Every line of the data should be written out exactly, with the pictures left out.

• DATA BELOW:
:::::

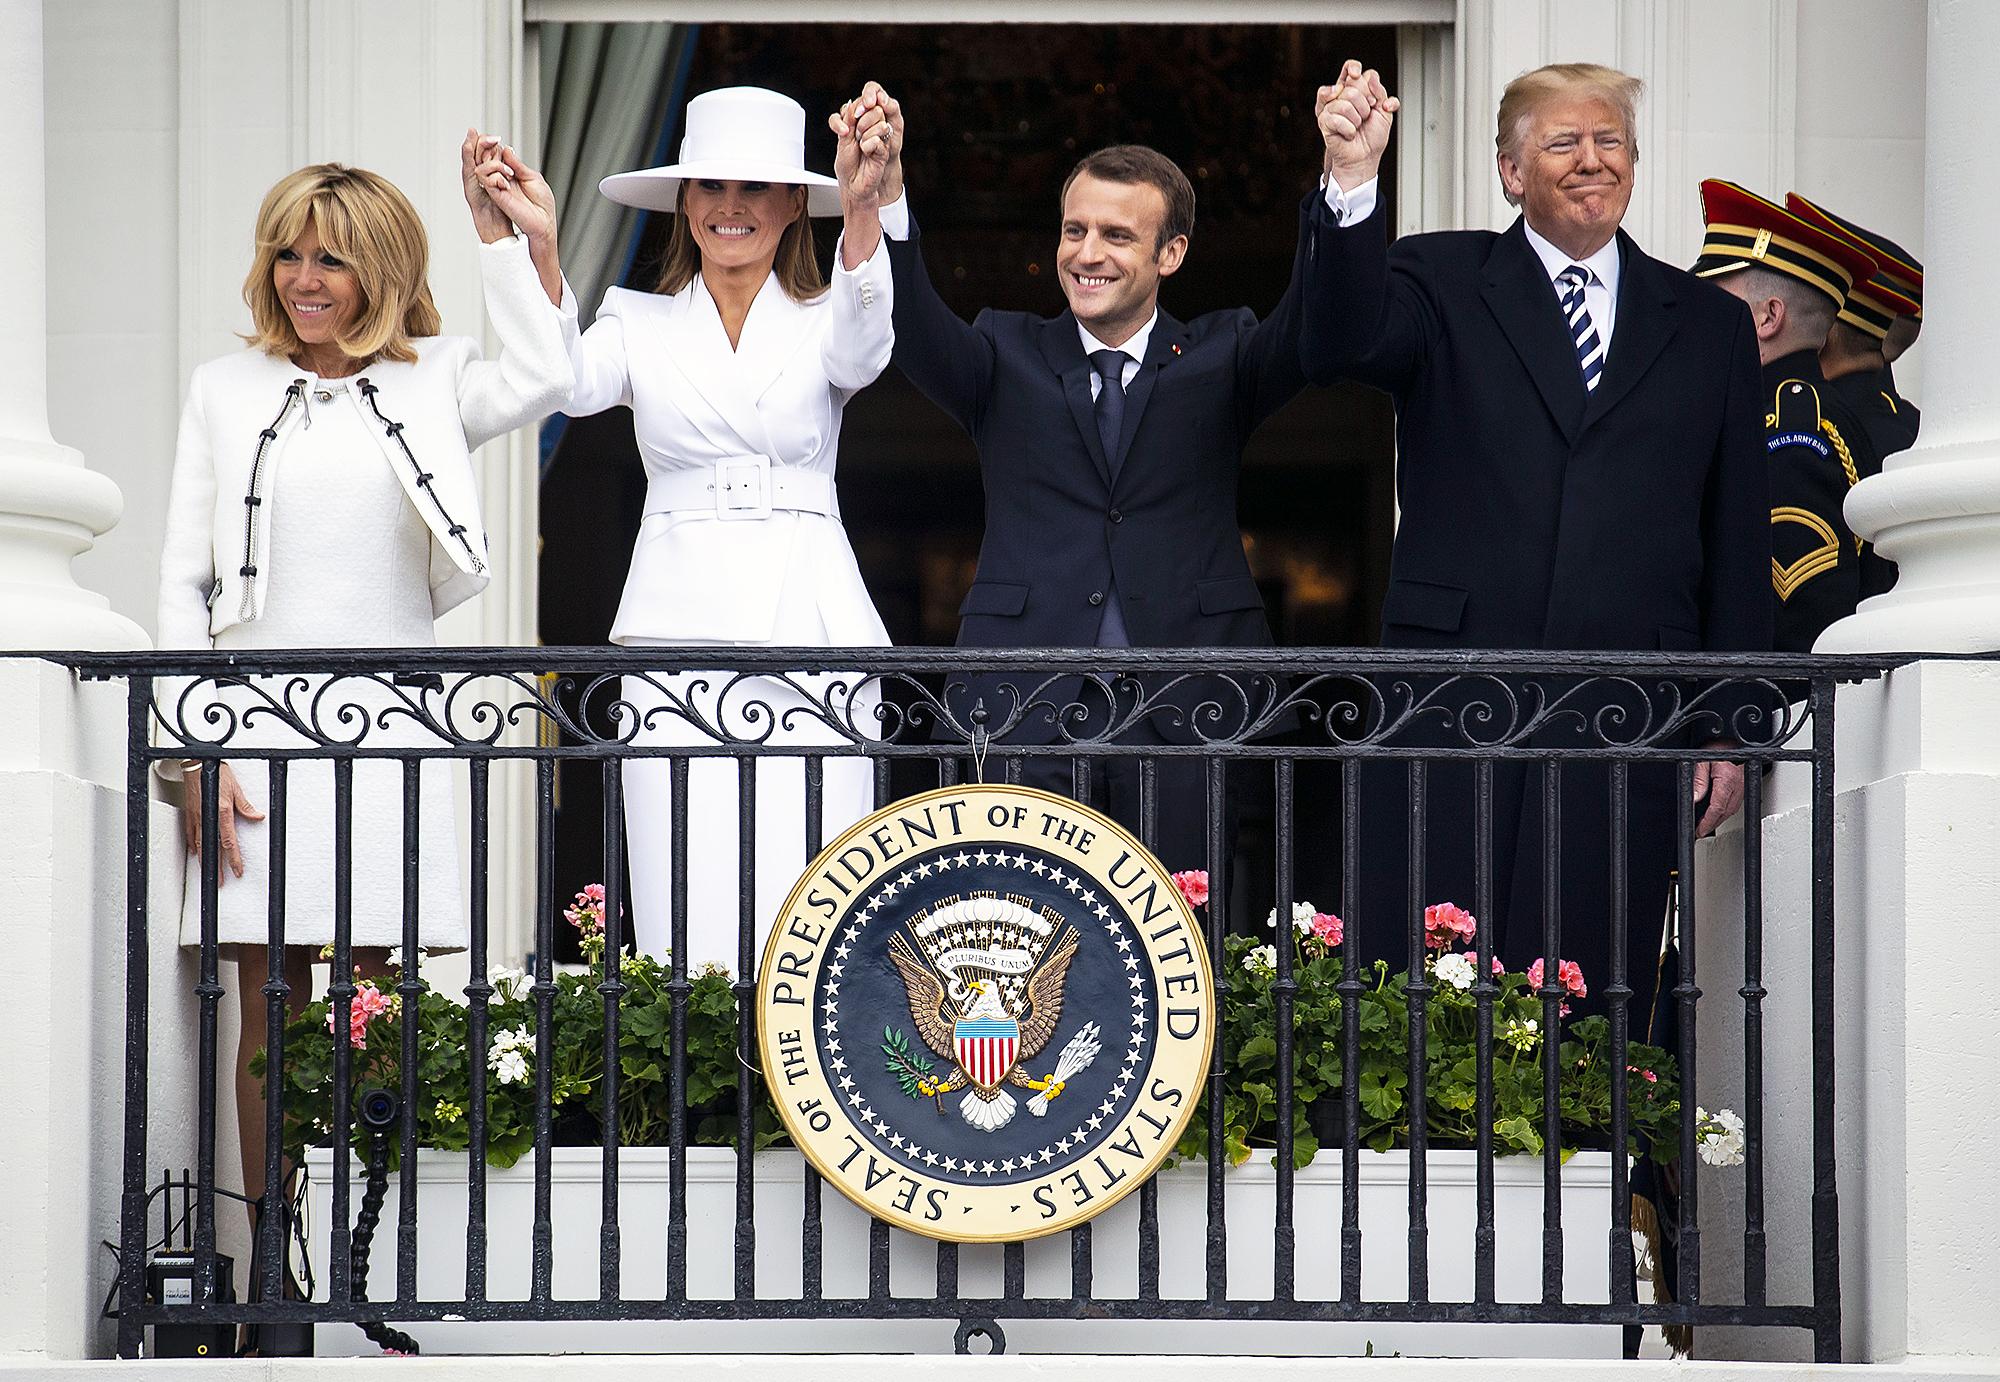 Brigitte Macron Melania Trump Emmanuel Macron Donald Trump holding hands
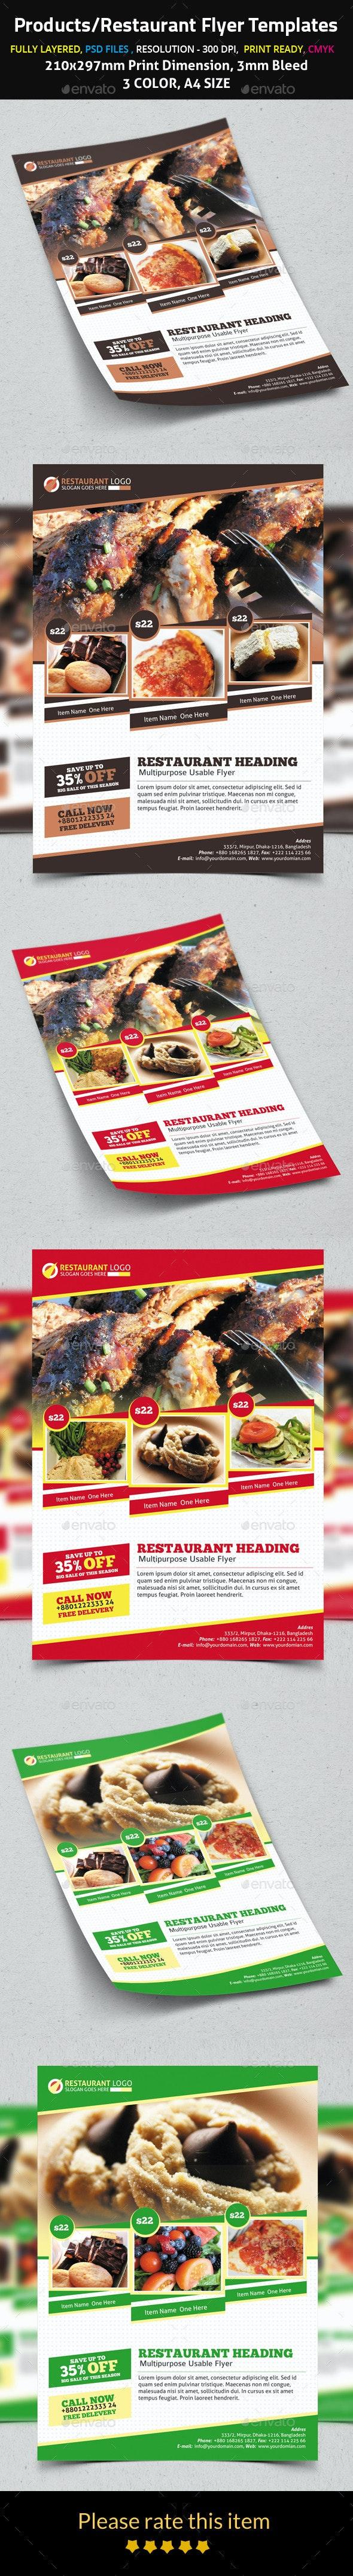 Products/Restaurant Flyer Templates - Flyers Print Templates
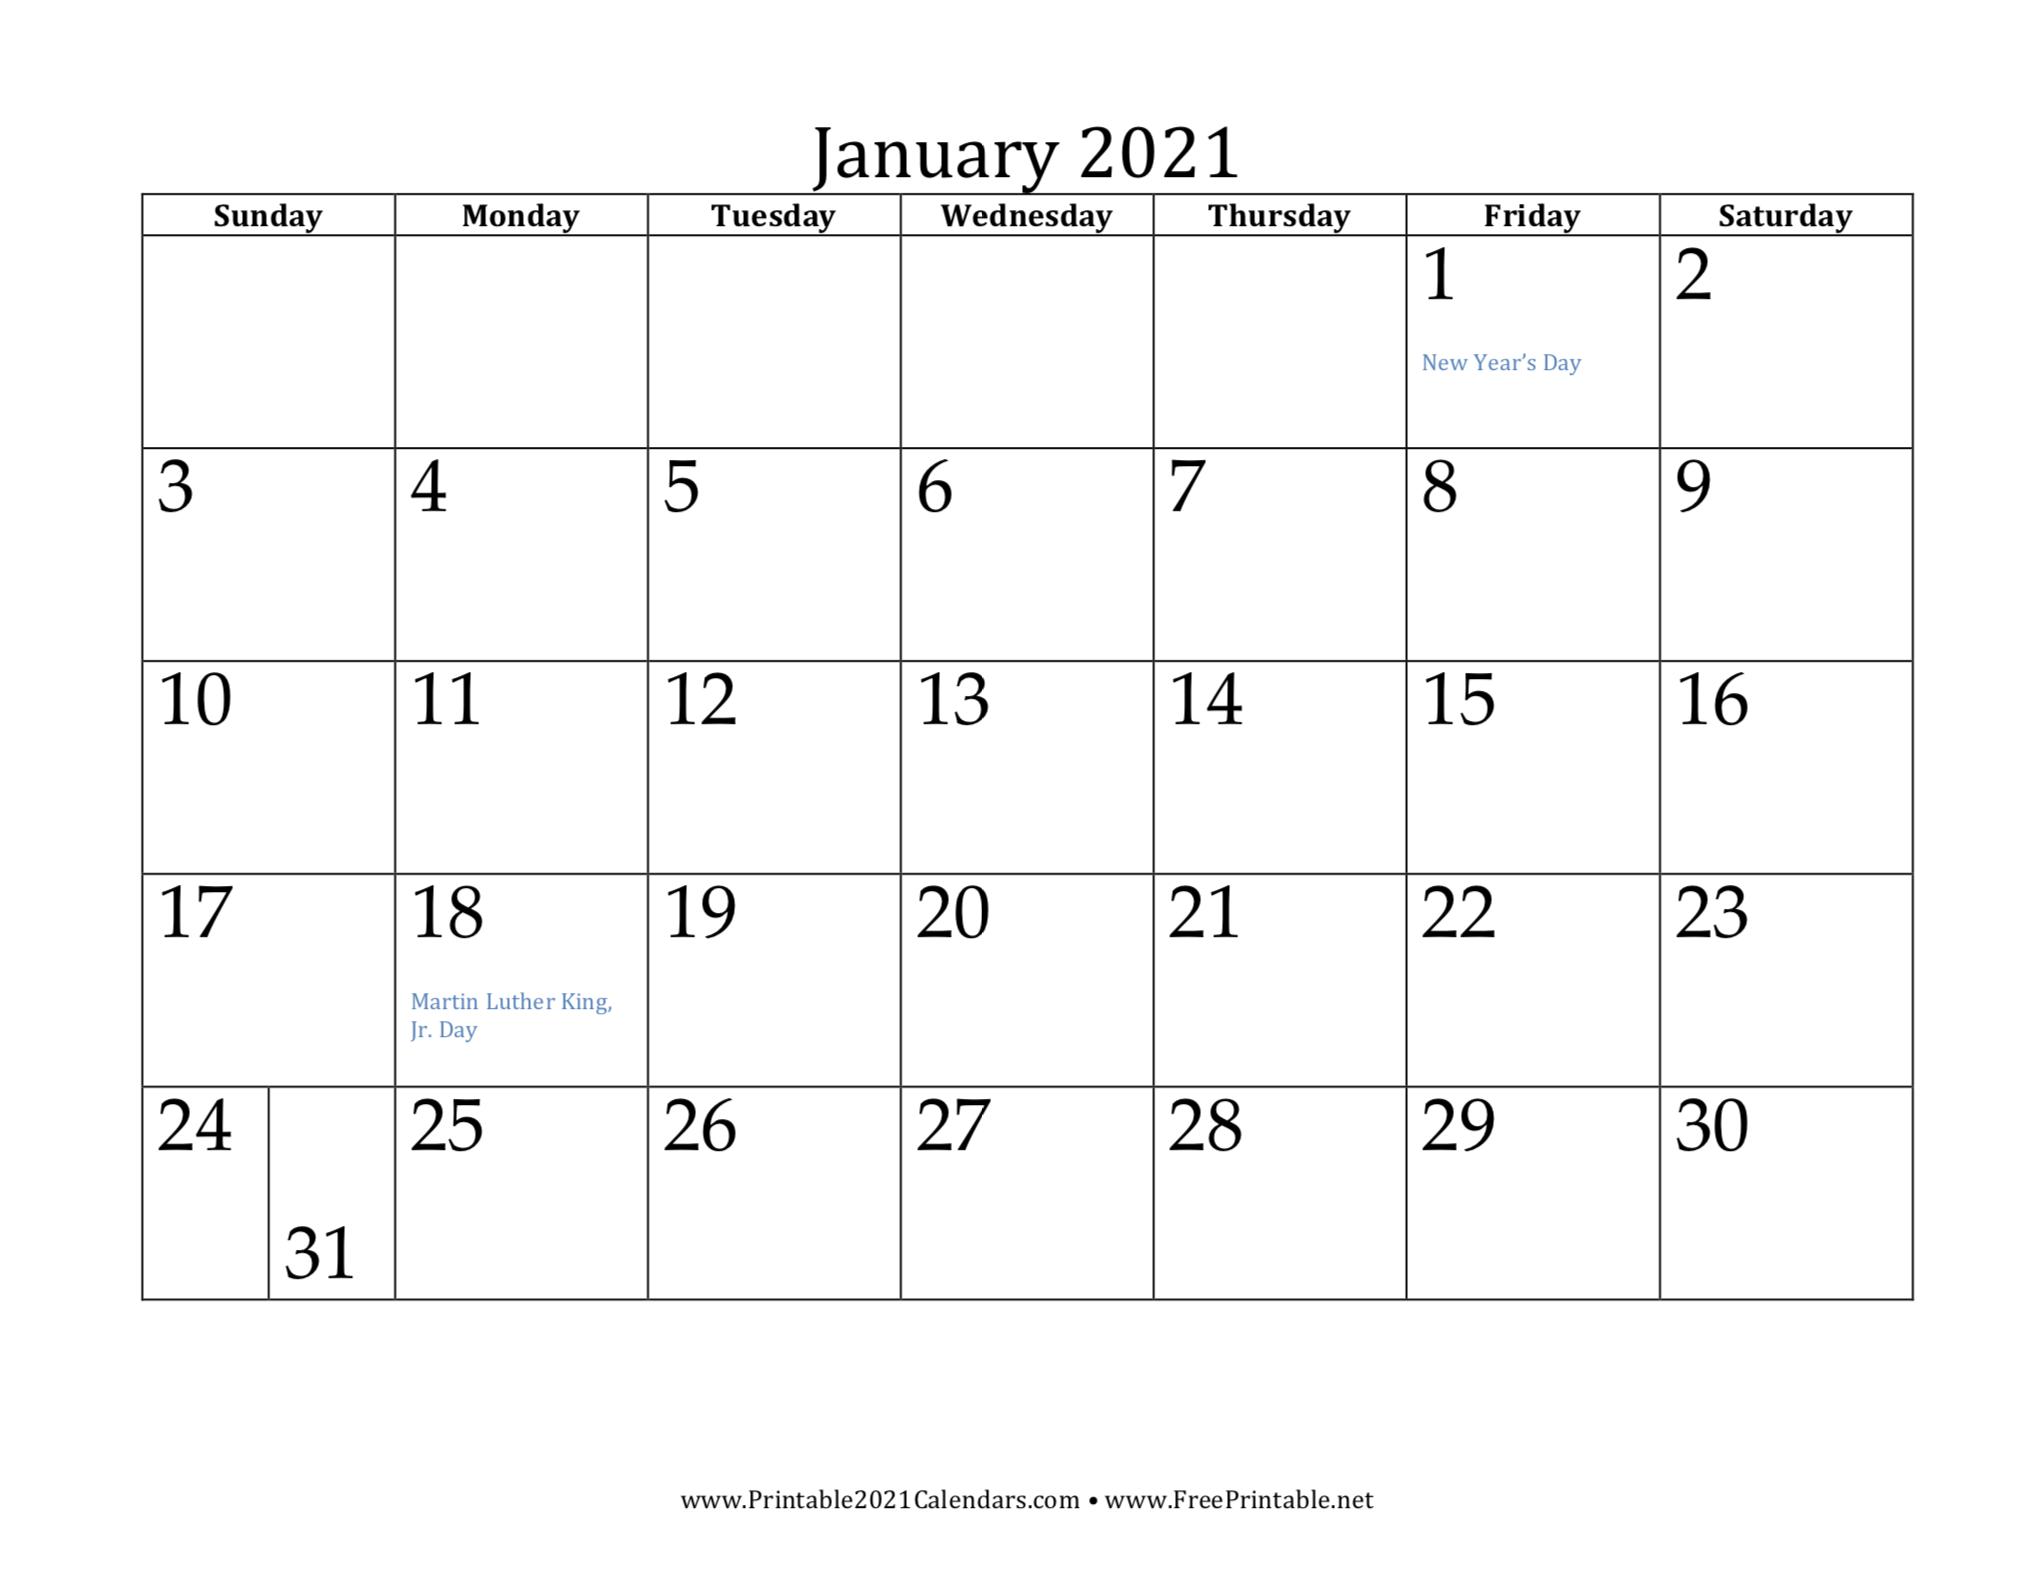 Free Printable 2021 Calendars Free Printables

:::::

• FINAL ANSWER:
 Brigitte Macron Melania Trump Emmanuel Macron Donald Trump holding hands
 Products/Restaurant Flyer Templates - Flyers Print Templates
 Free Printable 2021 Calendars Free Printables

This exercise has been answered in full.